No salió ninguna respuesta de la subestación.

—¡Marcelin, por Dios, dale ya a la palanca!

¿Aquello que oía era el zumbido del transformador? Resultaba difícil saberlo entre bocanadas de aire, con aquella presión que de repente volvía a llenarle dolorosamente la cabeza. El animal seguía acercándose. En pocos segundos dejaría atrás la puerta de la subestación… y llegaría hasta los cables. González se lanzó cuerpo a tierra y apoyó en la mejilla la culata de su MI 6, apuntando hacia delante. Intentó centrarlo en su objetivo, pero el cañón subía y bajaba sin parar al ritmo de su corazón. Ahora la bestia iba más deprisa, como si renunciase a cualquier pretensión de sigilo.

—Dios mío… —decía Phillips, como si rezase y llorase al mismo tiempo—. Dios mío… Dios mío…

Otro paso. Y otro. Mientras se acercaba, no les quitó la vista de encima ni un momento; no parpadeó ni vaciló una sola vez. Su mirada era tan aterradora que González se quedó paralizado; tuvo que recurrir a todas sus fuerzas para que no se le escapase el fusil de los dedos y cayera al suelo.

Entonces, el animal llegó hasta el agua. González vio que vacilaba un poco antes de lanzarse entre dos de los cables colgados.

Al principio no ocurrió nada. Después, un estampido tremendo y ensordecedor sacudió todo el pasillo. Entre los cables saltaban relámpagos violáceos que dibujaban arcos sobre su enorme grupa, escupiendo un centenar de lenguas hacia el techo. El aire se llenó de olor de ozono. González sintió que se le erizaba el vello de la nuca. Se levantaron grandes nubes de humo gris, que al llenar el pasillo impidieron ver a la criatura. El zumbido del transformador se volvió más agudo al intentar hacer acopio de más corriente. Las luces parpadearon dos veces seguidas. Lo siguiente que se escuchó fue un estallido sordo, debido a la sobrecarga del transformador. El pasillo quedó sumido en una oscuridad total.

—Dios mío —seguía repitiendo Phillips inexpresivamente, como un mantra—. Dios mío.
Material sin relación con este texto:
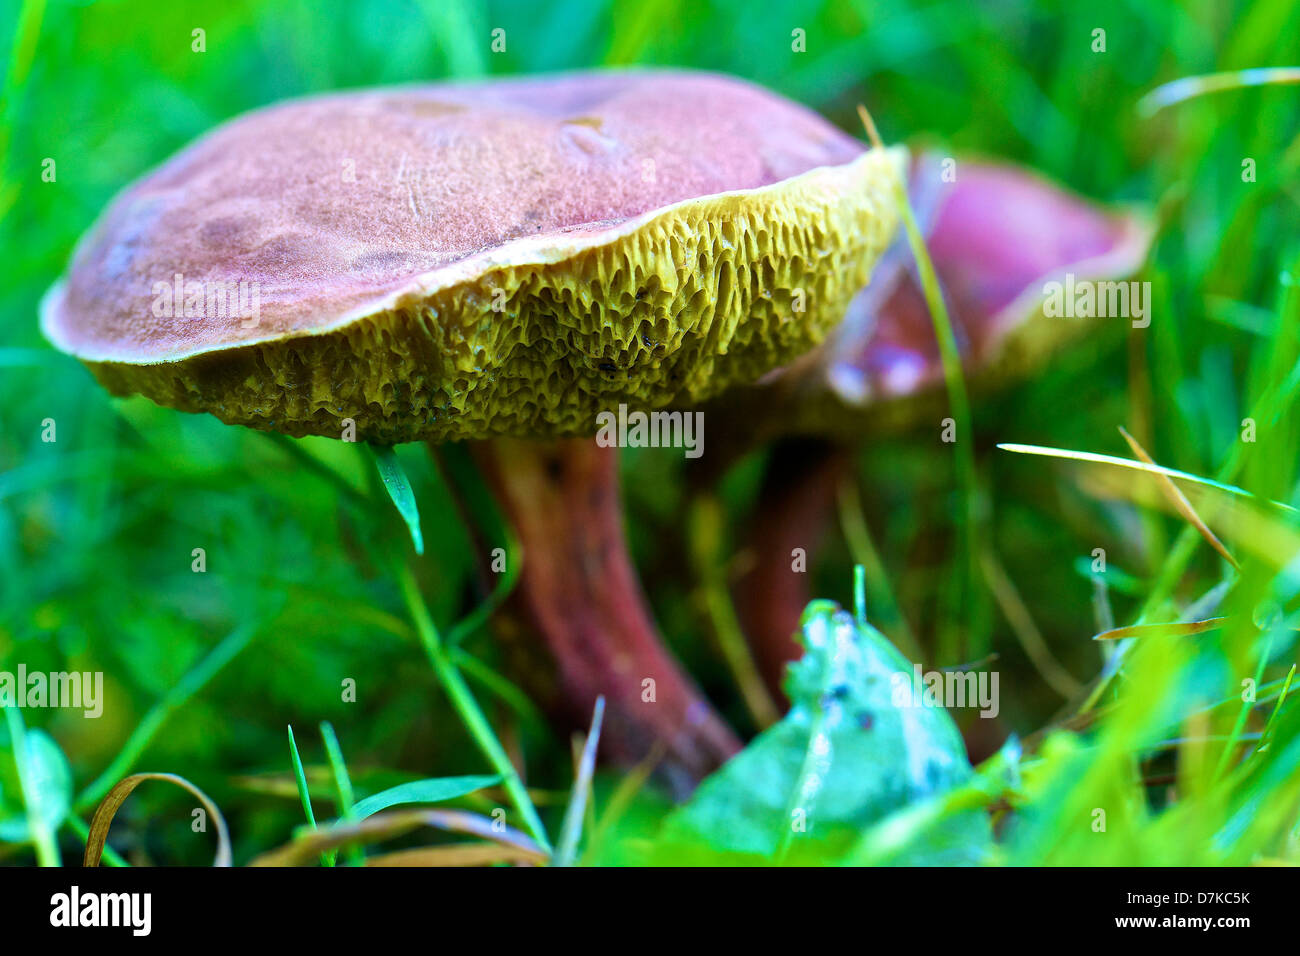 Germany, Hesse, Mushroom Stock Photo

Volvió a encenderse la luz, gracias a un transformador auxiliar. Los cables se mecían y saltaban, haciendo llover chispas a ráfagas discontinuas. González escudriñó el agitado manto de humo en un desesperado esfuerzo por vislumbrar a la criatura. Tenía que estar muerta. Seguro. No había nada que pudiera sobrevivir a aquello…

La cabeza del animal asomó por el borde del humo. González, sin aliento, cogió con fuerza su fusil. Cuando empezó a disiparse lentamente el humo, se hicieron visibles más partes de su cuerpo. Tenía el lomo chamuscado. Durante un momento se quedó muy quieto, como muerto.

Luego abrió la boca.

Dentro de la subestación, Marcelin se puso a gritar.

La criatura se volvió hacia el ruido, se irguió sobre su poderosa grupa, giró y se introdujo lentamente, sin prisas, por la puerta. González lo miraba todo sin poder moverse ni reaccionar, con la sensación de que se le aceleraba el pulso al mismo ritmo con el que subían de tono los alaridos de Marcelin.